Question

How to use limma to do regularization for Ballgown

0

Entering edit mode

zoukai3412085 • 0

@zoukai3412085-14416

Last seen 4.7 years ago

Hi,

In the Nat Prot paper about Ballgown, it's said as follow:

Note that Ballgown’s statistical test is a standard linear model-based comparison. For small sample sizes (n < 4 per group), it is often better to perform regularization. This can be done using the limma package in Bioconductor.

How this can be done? First, do "regularization" and "normalization" has the same meaning? i'm not deep in statistics? And second, how should the step(regularization) be taken during the ballgown procedure as this paper? I am a noob and hurried, who can help me and provide a detailed command? Thank very much!

limma rna-seq • 2.1k views

ADD COMMENT • link updated 7.7 years ago by Aaron Lun ★ 28k • written 7.7 years ago by zoukai3412085 • 0

score 3 · Answer 1 · 2017-11-18

First, do "regularization" and "normalization" has the same meaning?

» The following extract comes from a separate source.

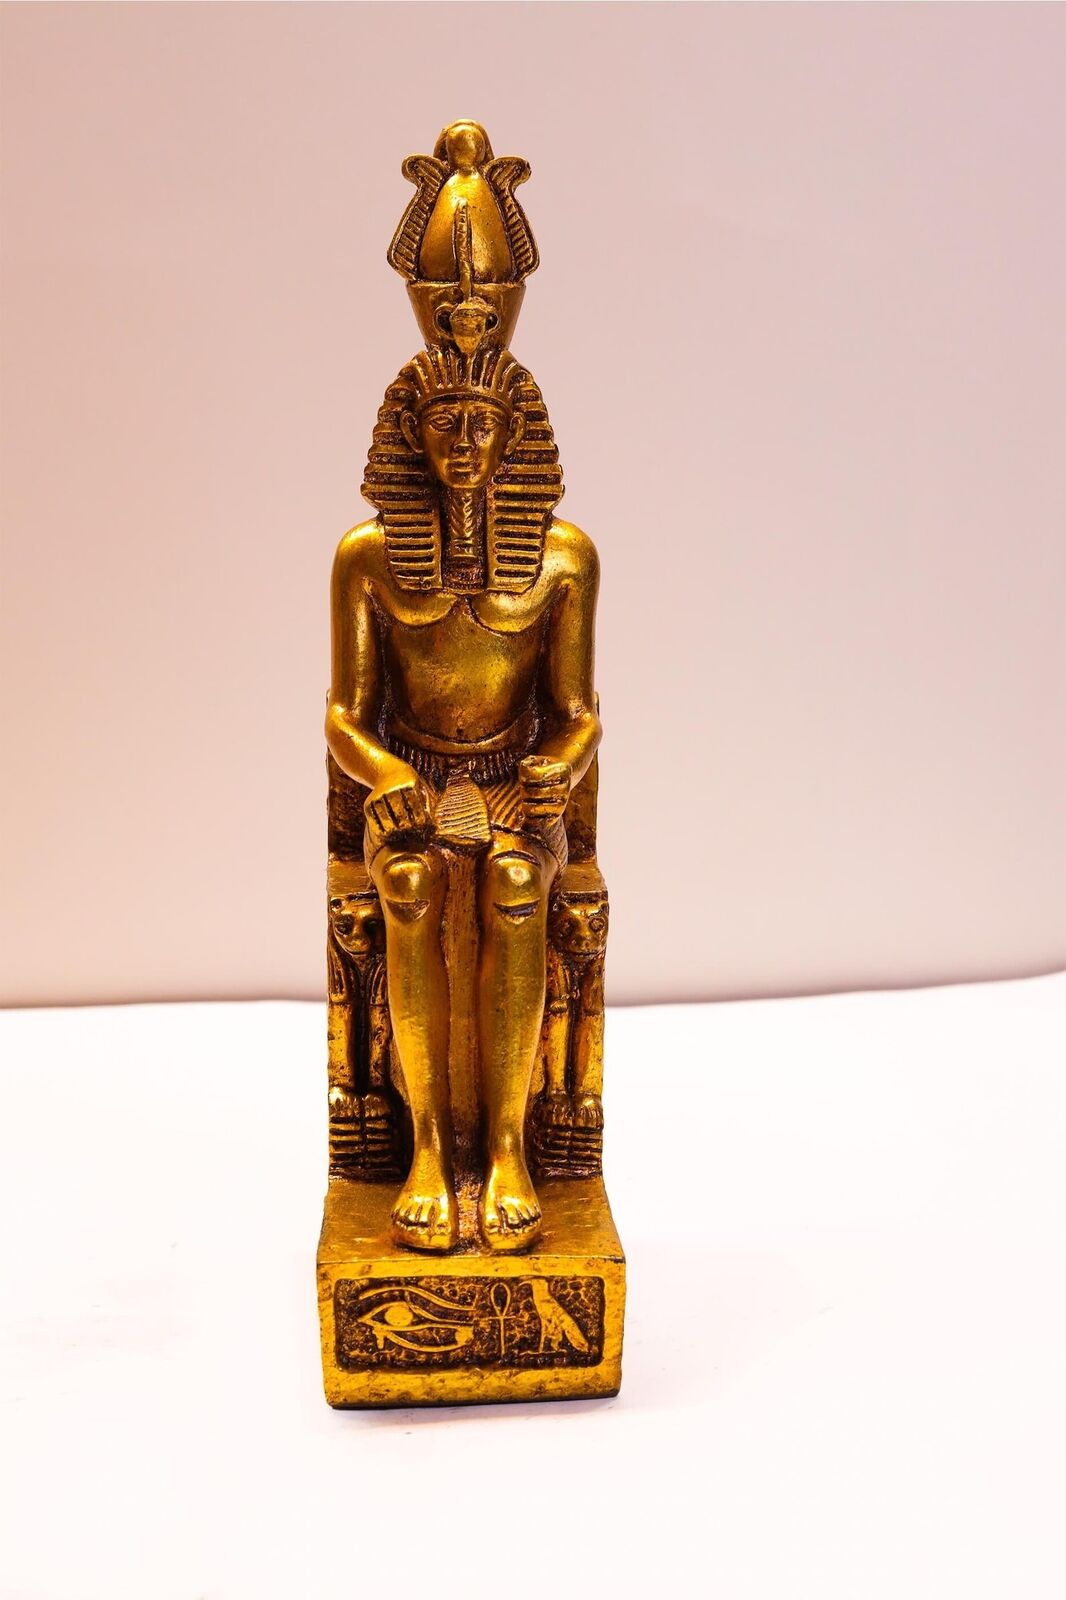 Ramesses II statue, Ramesses the Great statue for sale - made in Egypt

No. Normalization refers to the removal of uninteresting technical biases prior to further analyses. For differential analyses, this usually refers to removal of biases between samples (e.g., differences in sequencing depth, composition biases), to ensure that comparisons between samples are not confounded. "Regularization", in this context, presumably refers to the empirical Bayes shrinkage of variance estimates within limma, which reduces the uncertainty of the estimates in the presence of limited replicates. The two are separate procedures, but both are necessary in DE analyses.

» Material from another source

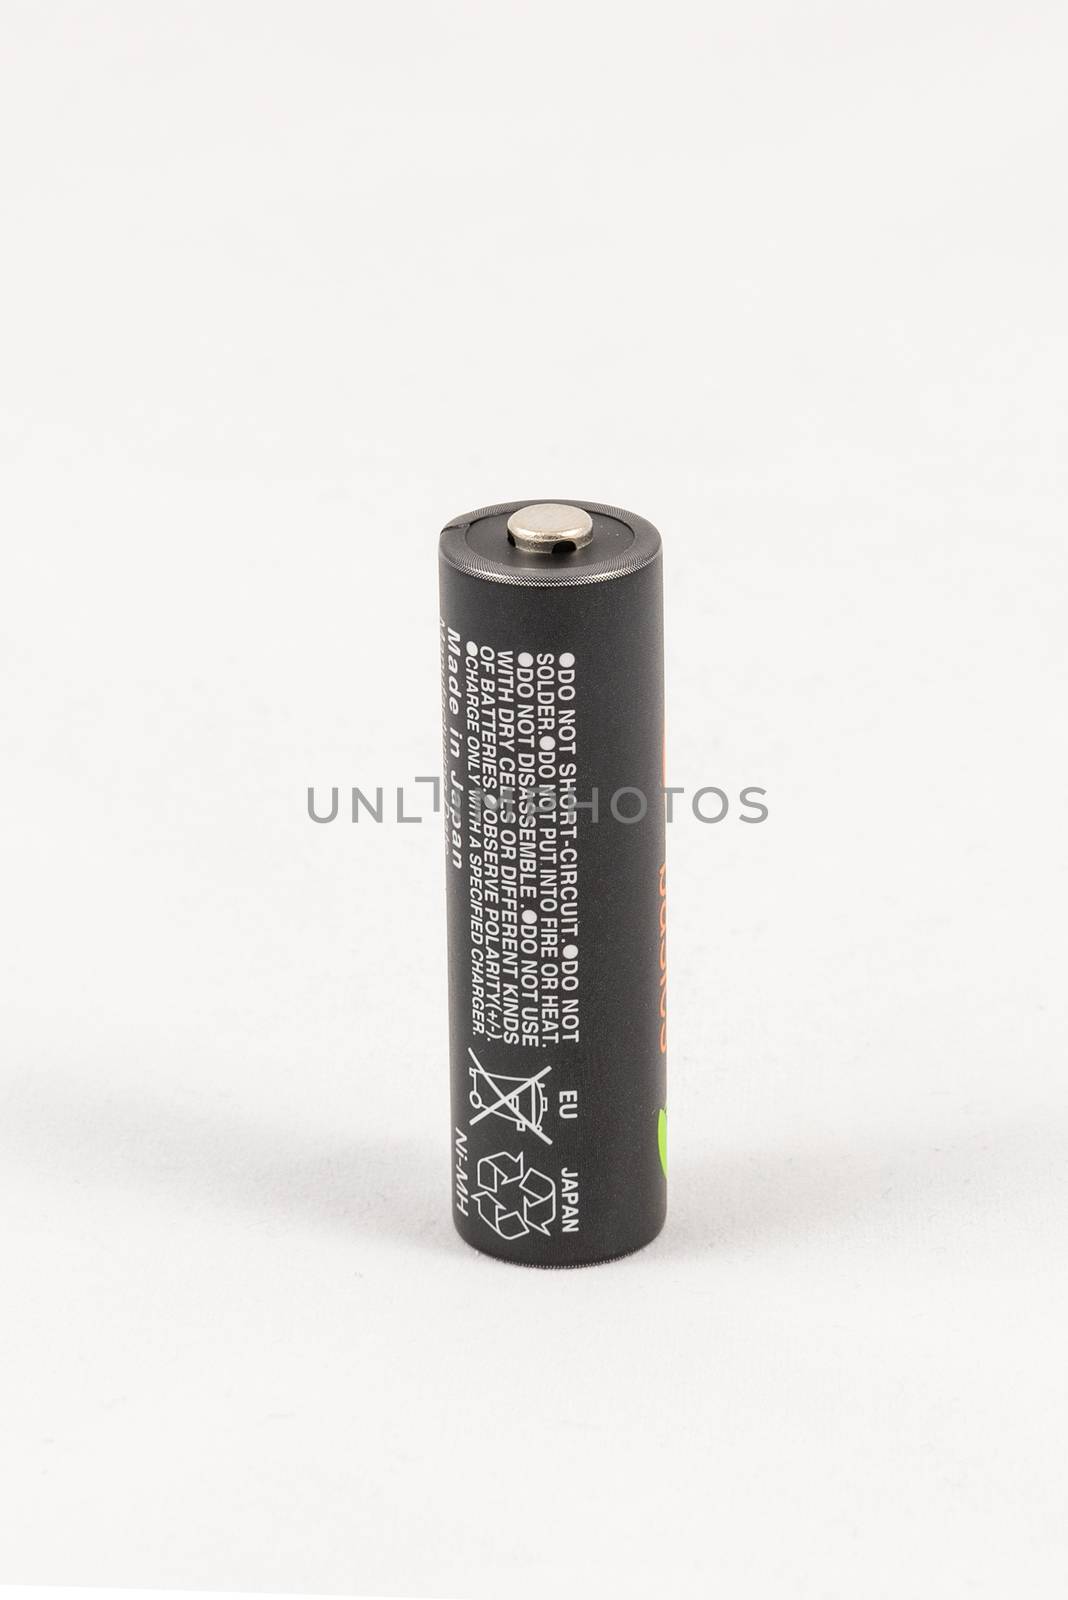 Single unbranded black AA rechargeable battery by marcorubino

And second, how should the step(regularization) be taken during the ballgown procedure as this paper?

While I'm not familiar with the Ballgown output, I assume you would get some matrix of expression values. If this is a matrix of counts for each gene or transcript, you can apply the voom-limma pipeline as described elsewhere:

https://www.bioconductor.org/help/workflows/RNAseq123/

If all that you have are CPMs, you could log-transform them and use the limma-trend approach. The same can be done if you have FPKMs, but this will be less accurate (as the mean-variance relationship will probably be distorted by gene-length normalization):

A: Differential expression of RNA-seq data using limma and voom()

I am a noob and hurried, who can help me and provide a detailed command?

Read the documentation:

http://bioconductor.org/packages/release/bioc/vignettes/limma/inst/doc/usersguide.pdf

Don't expect others to do your analysis for you. Software might be free but manpower isn't.